Material provided →
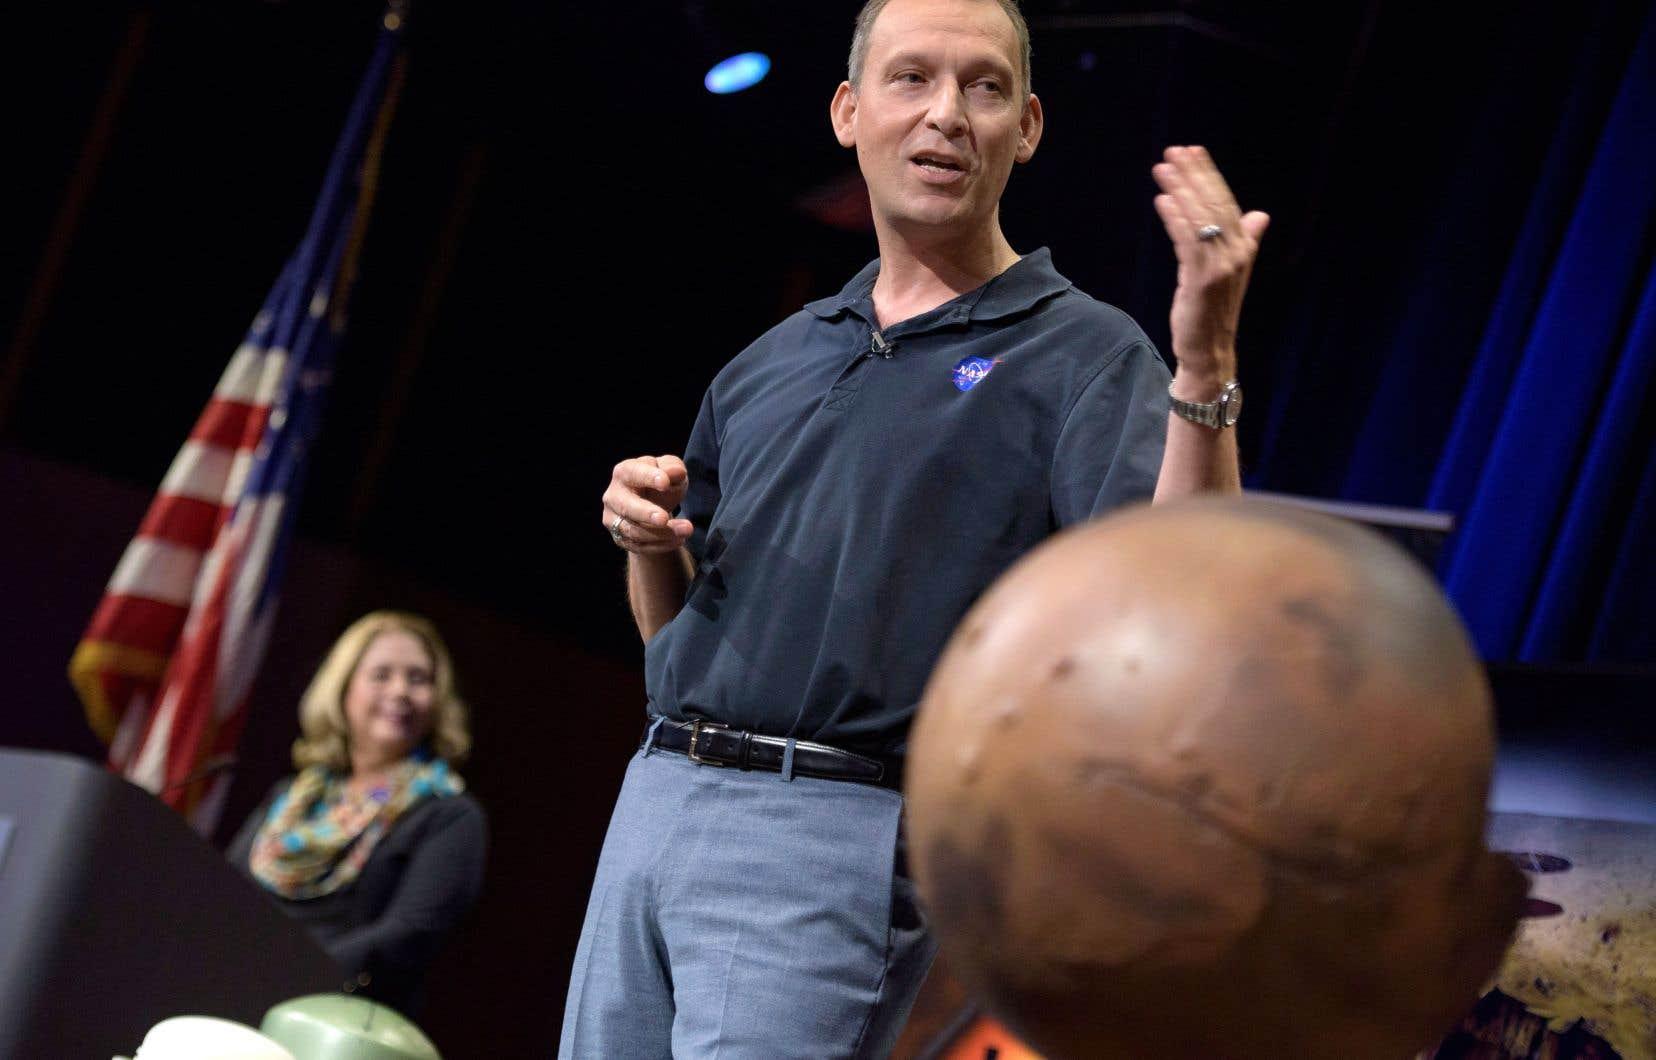 «Avec Mars, rien n'est jamais acquis. Mars est difficile», a rappelé Thomas Zurbuchen, chef du directorat scientifique de la NASA.
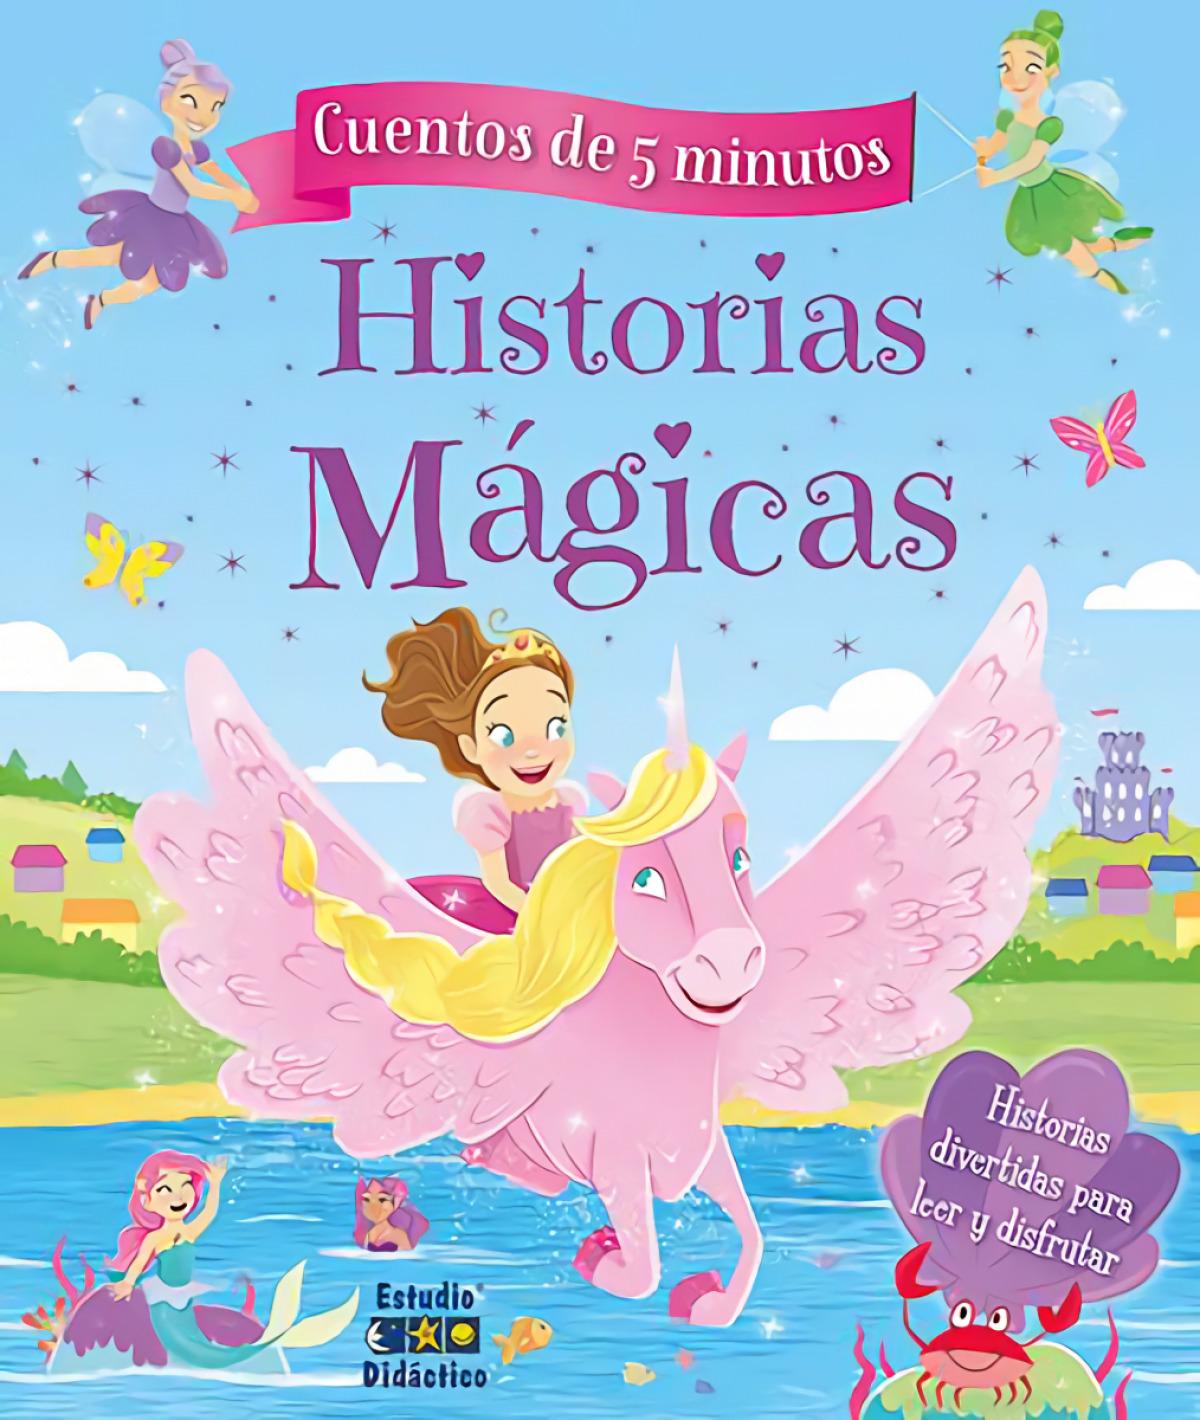 Historias màgicas
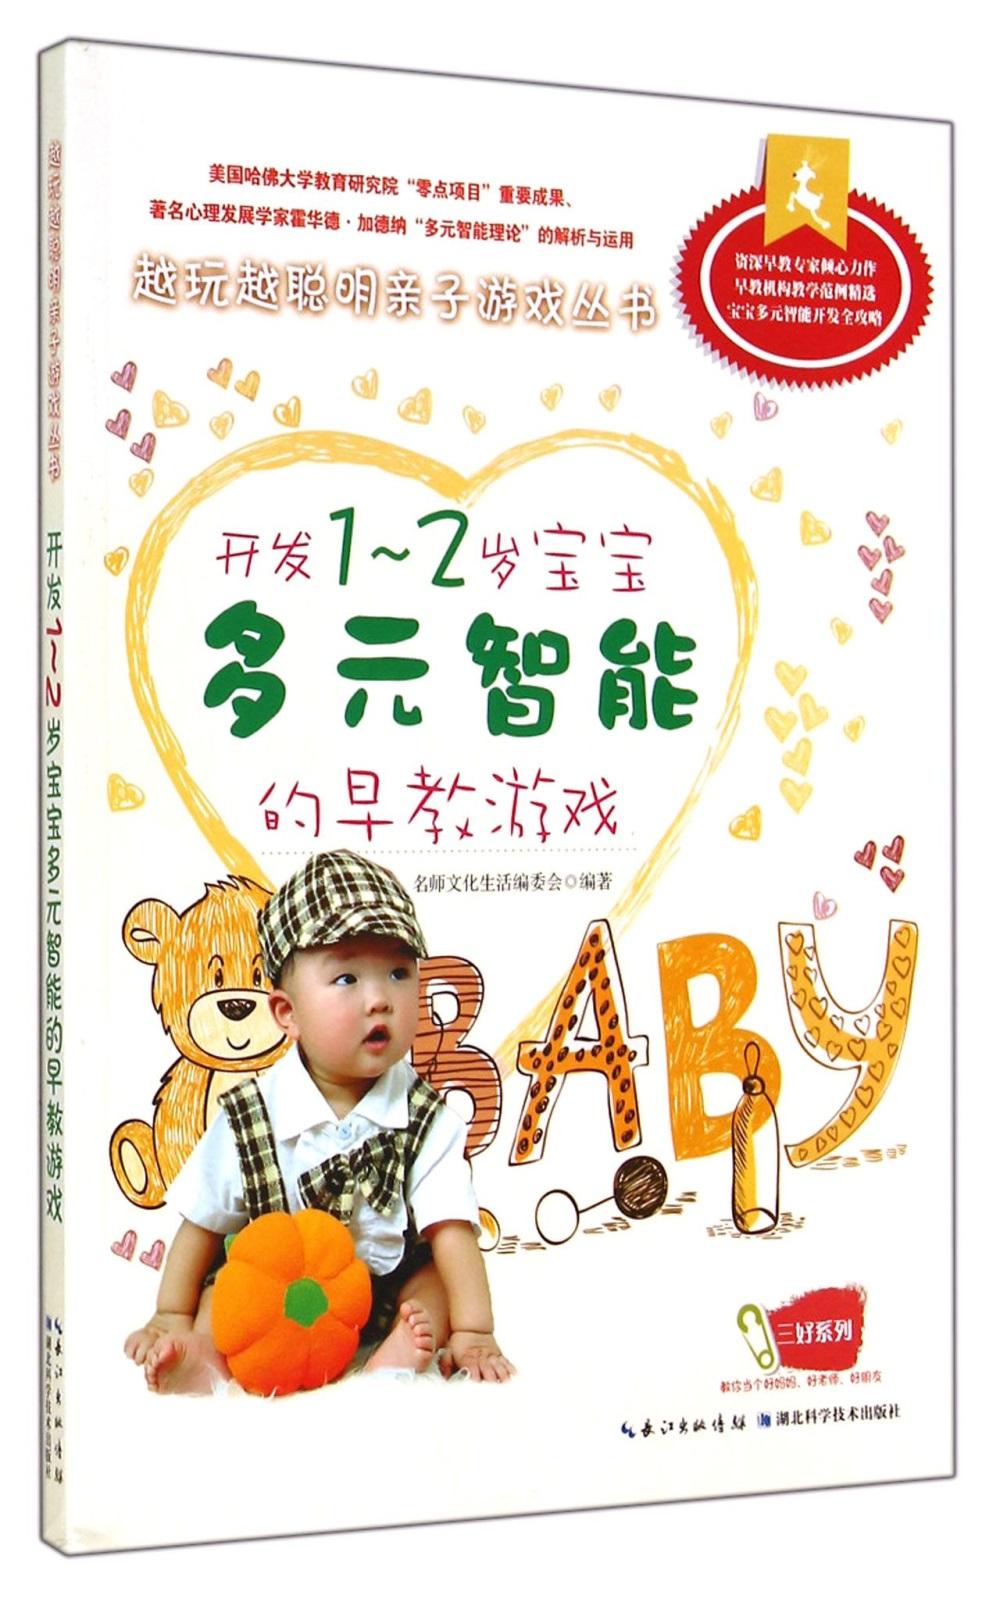 越玩越聰明親子游戲叢書:開發1^~2歲寶寶多元智能的早教游戲
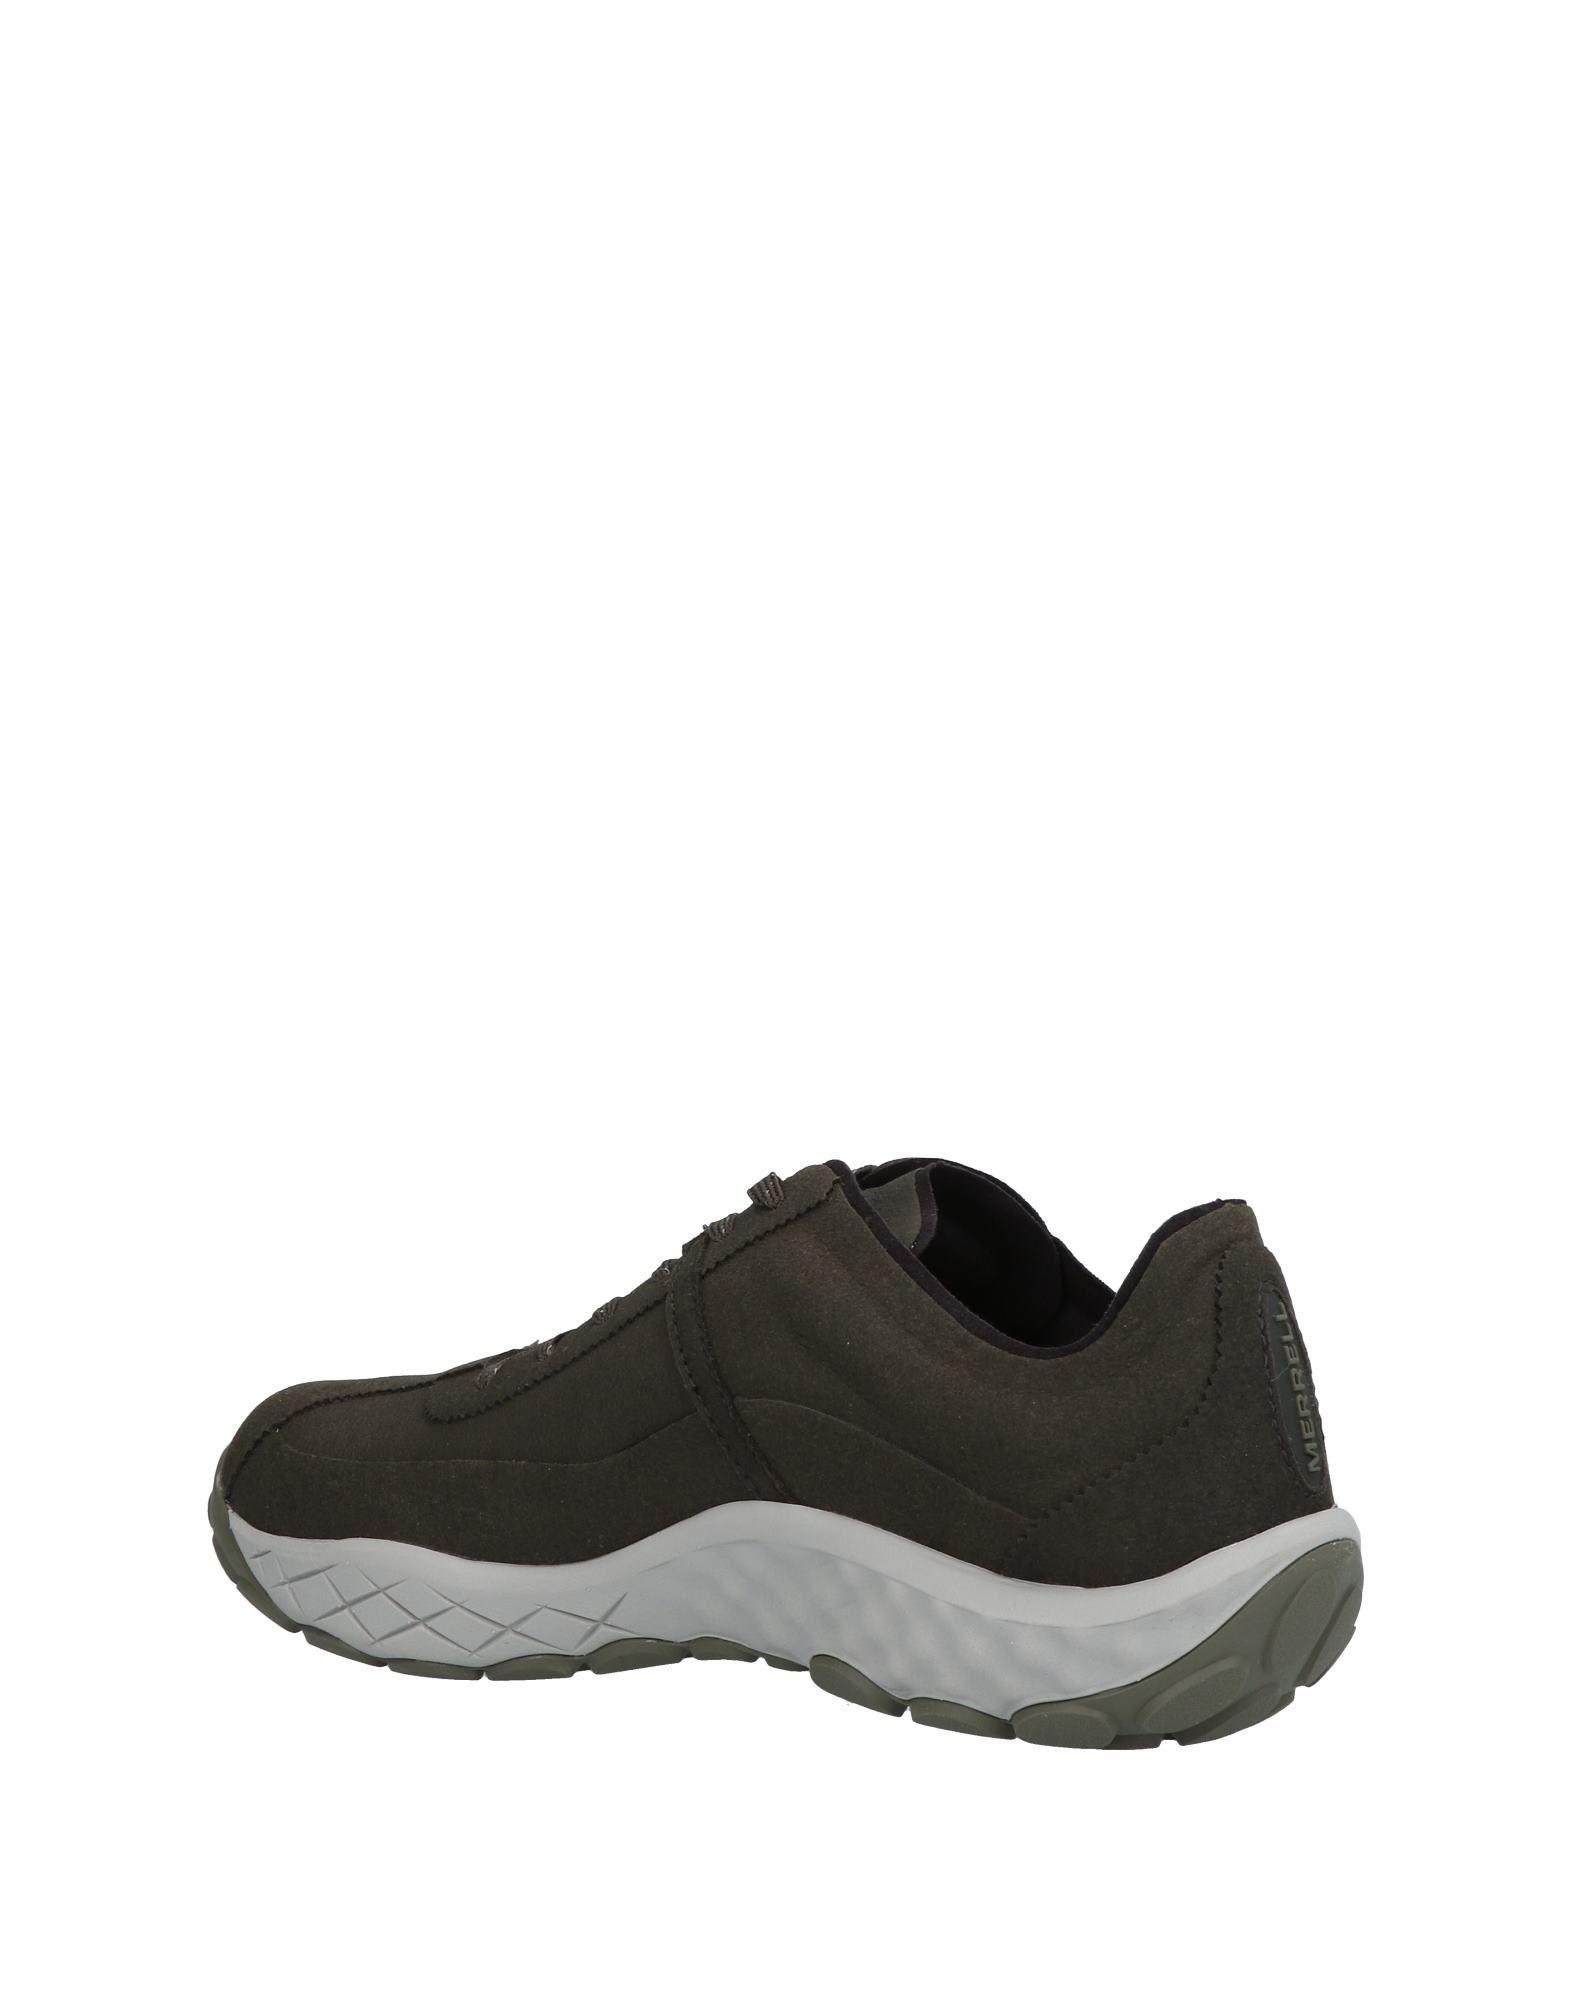 Herren Merrell Sneakers Herren   11458918FO Heiße Schuhe 73dc74

Task requirements →
Pictures stay out; everything else in the listing above gets repeated exactly.

Your solution →
 «Avec Mars, rien n'est jamais acquis. Mars est difficile», a rappelé Thomas Zurbuchen, chef du directorat scientifique de la NASA.
 Historias màgicas
 越玩越聰明親子游戲叢書:開發1^~2歲寶寶多元智能的早教游戲
 Herren Merrell Sneakers Herren   11458918FO Heiße Schuhe 73dc74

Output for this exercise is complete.